** Opening Record set block **
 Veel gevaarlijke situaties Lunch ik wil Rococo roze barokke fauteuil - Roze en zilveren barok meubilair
** Closing Record set block **
** Opening Record set block **
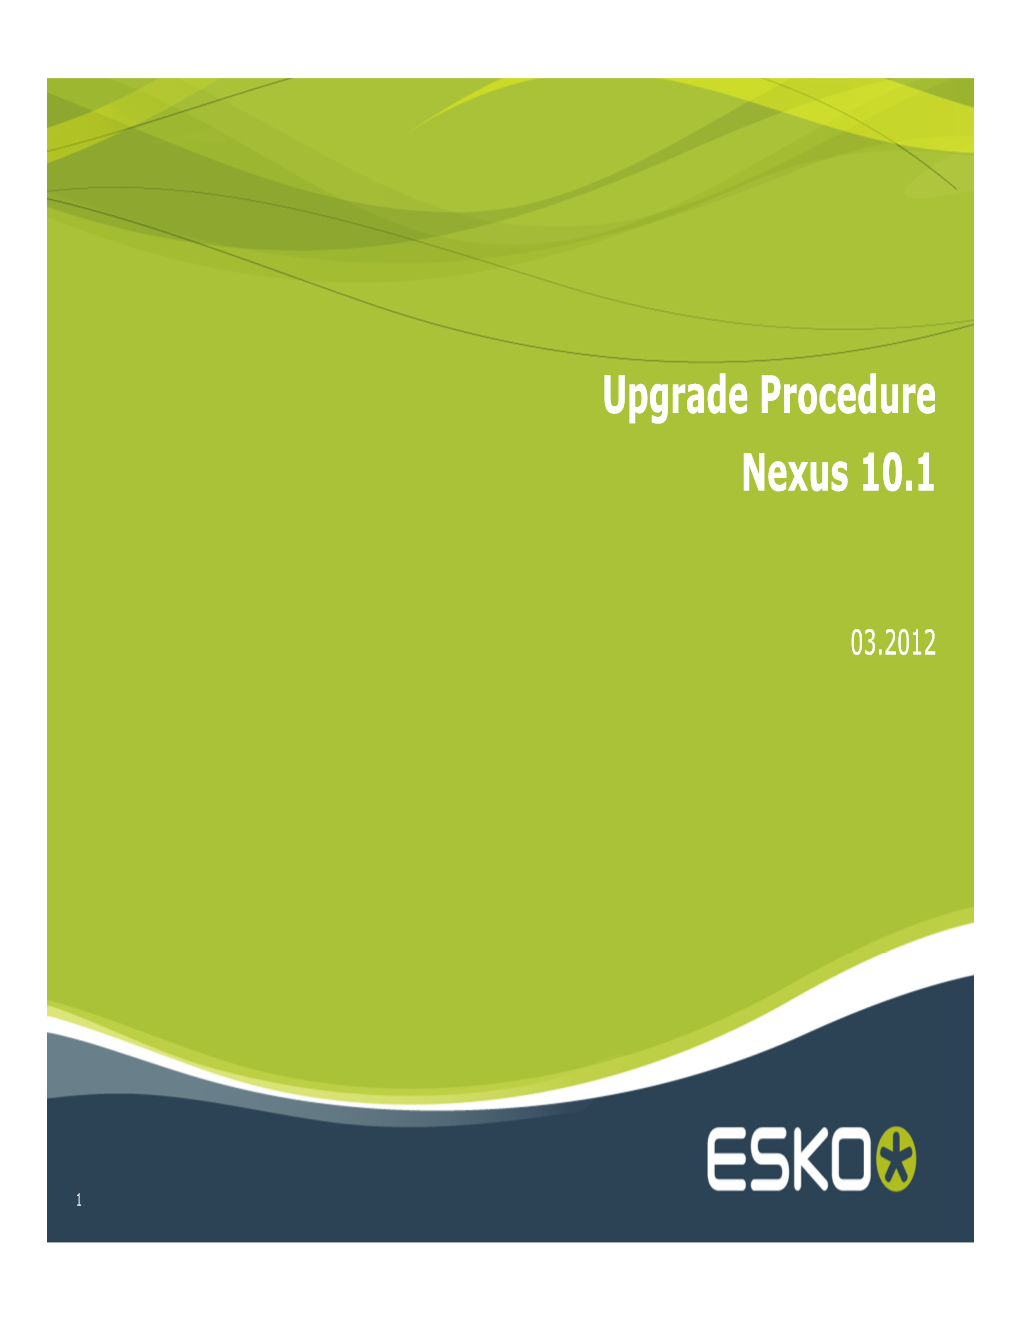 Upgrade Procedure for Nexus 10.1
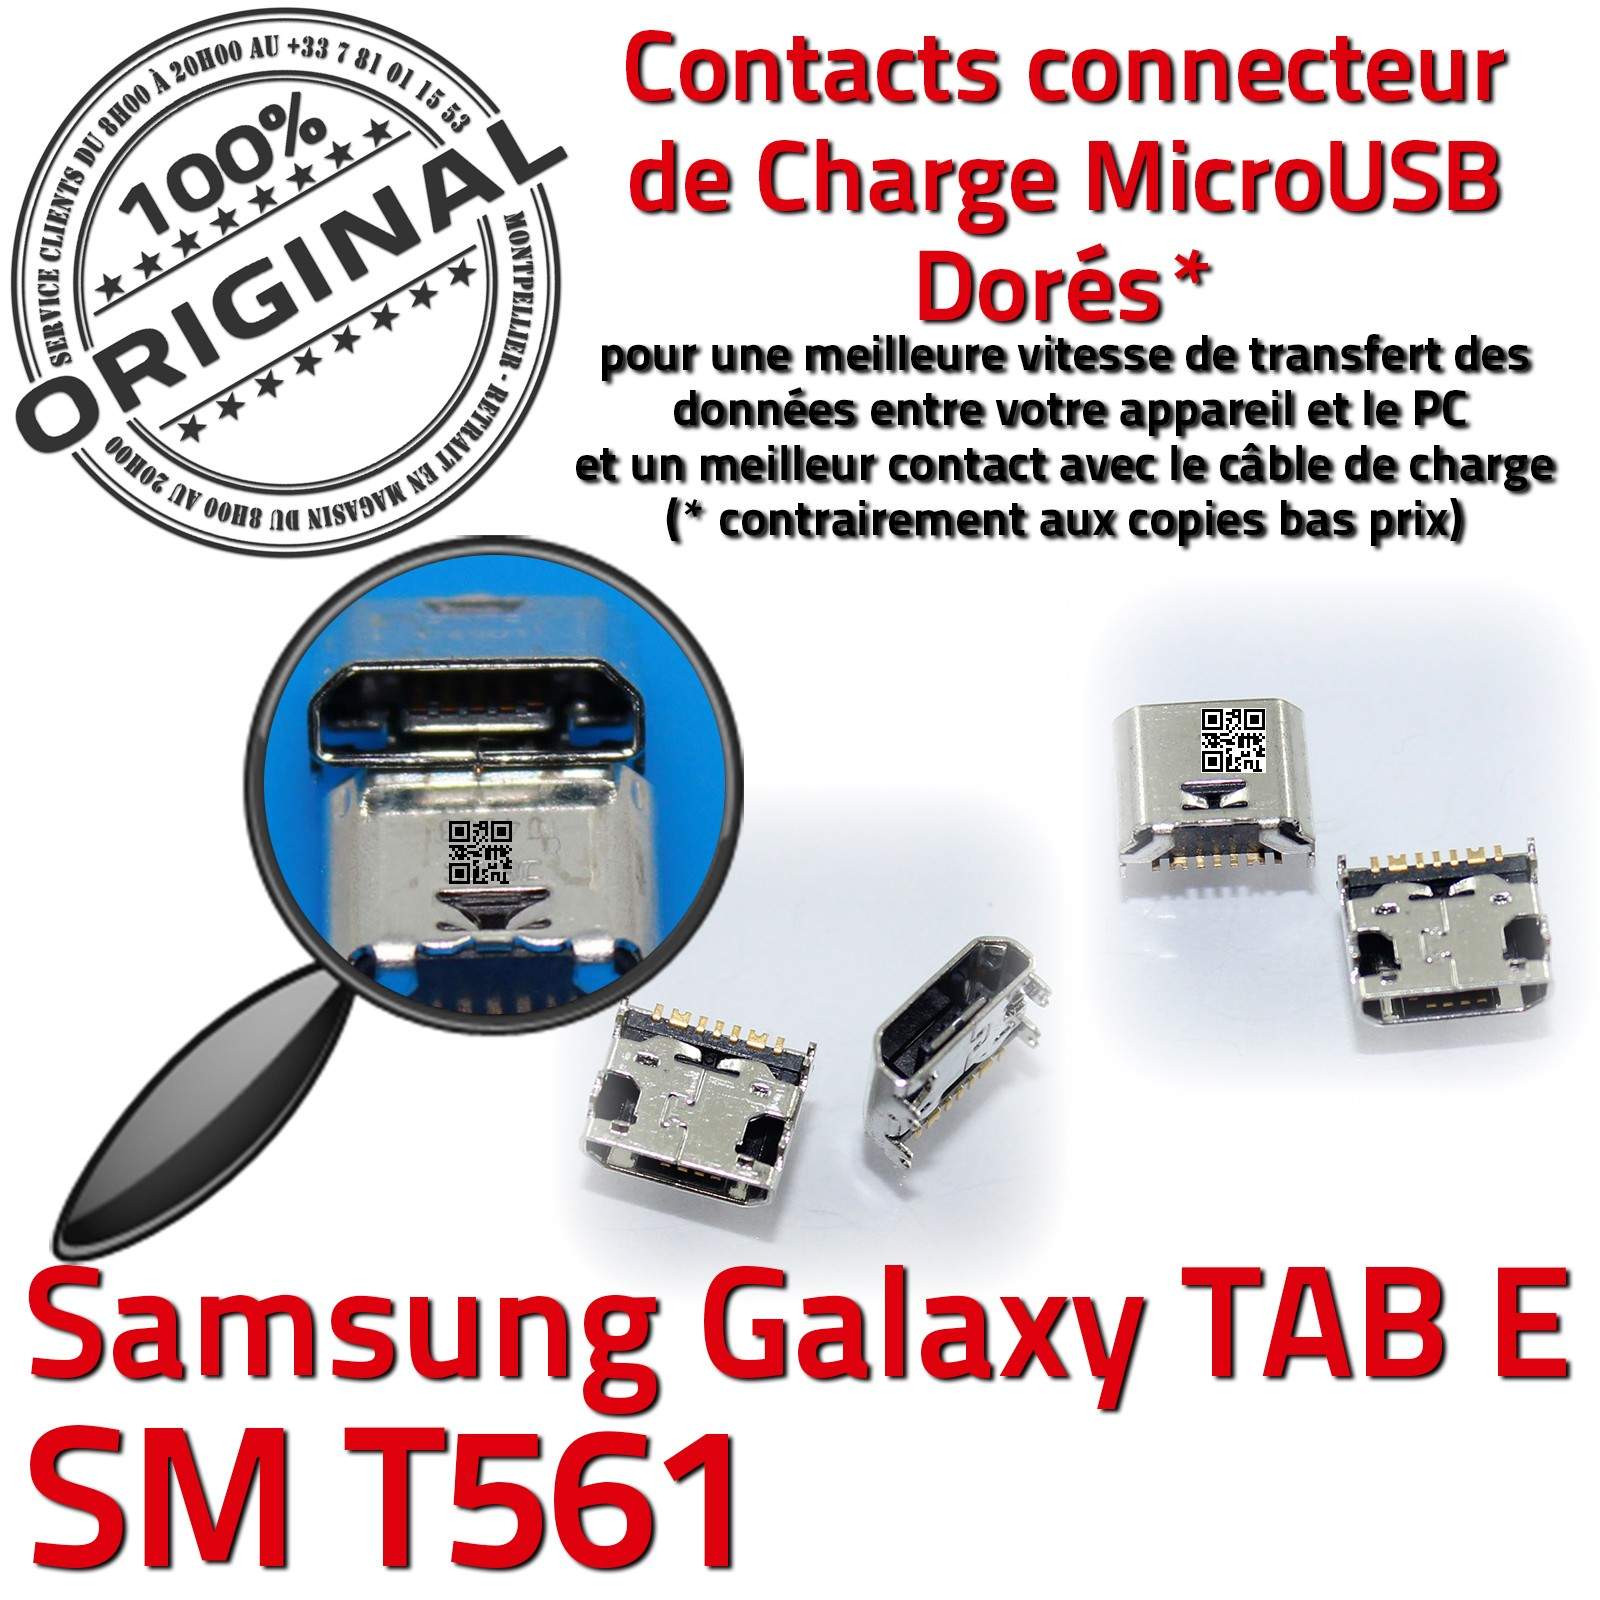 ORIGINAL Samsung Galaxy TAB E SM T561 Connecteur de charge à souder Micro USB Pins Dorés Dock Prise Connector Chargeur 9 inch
** Closing Record set block **
Go to the line above that contains "Upgrade Procedure for Nexus 10.1" and reproduce everything exactly from there through the line that contains "ORIGINAL Samsung Galaxy", leaving out the pictures.

- [Answer space]
 Upgrade Procedure for Nexus 10.1
 ORIGINAL Samsung Galaxy TAB E SM T561 Connecteur de charge à souder Micro USB Pins Dorés Dock Prise Connector Chargeur 9 inch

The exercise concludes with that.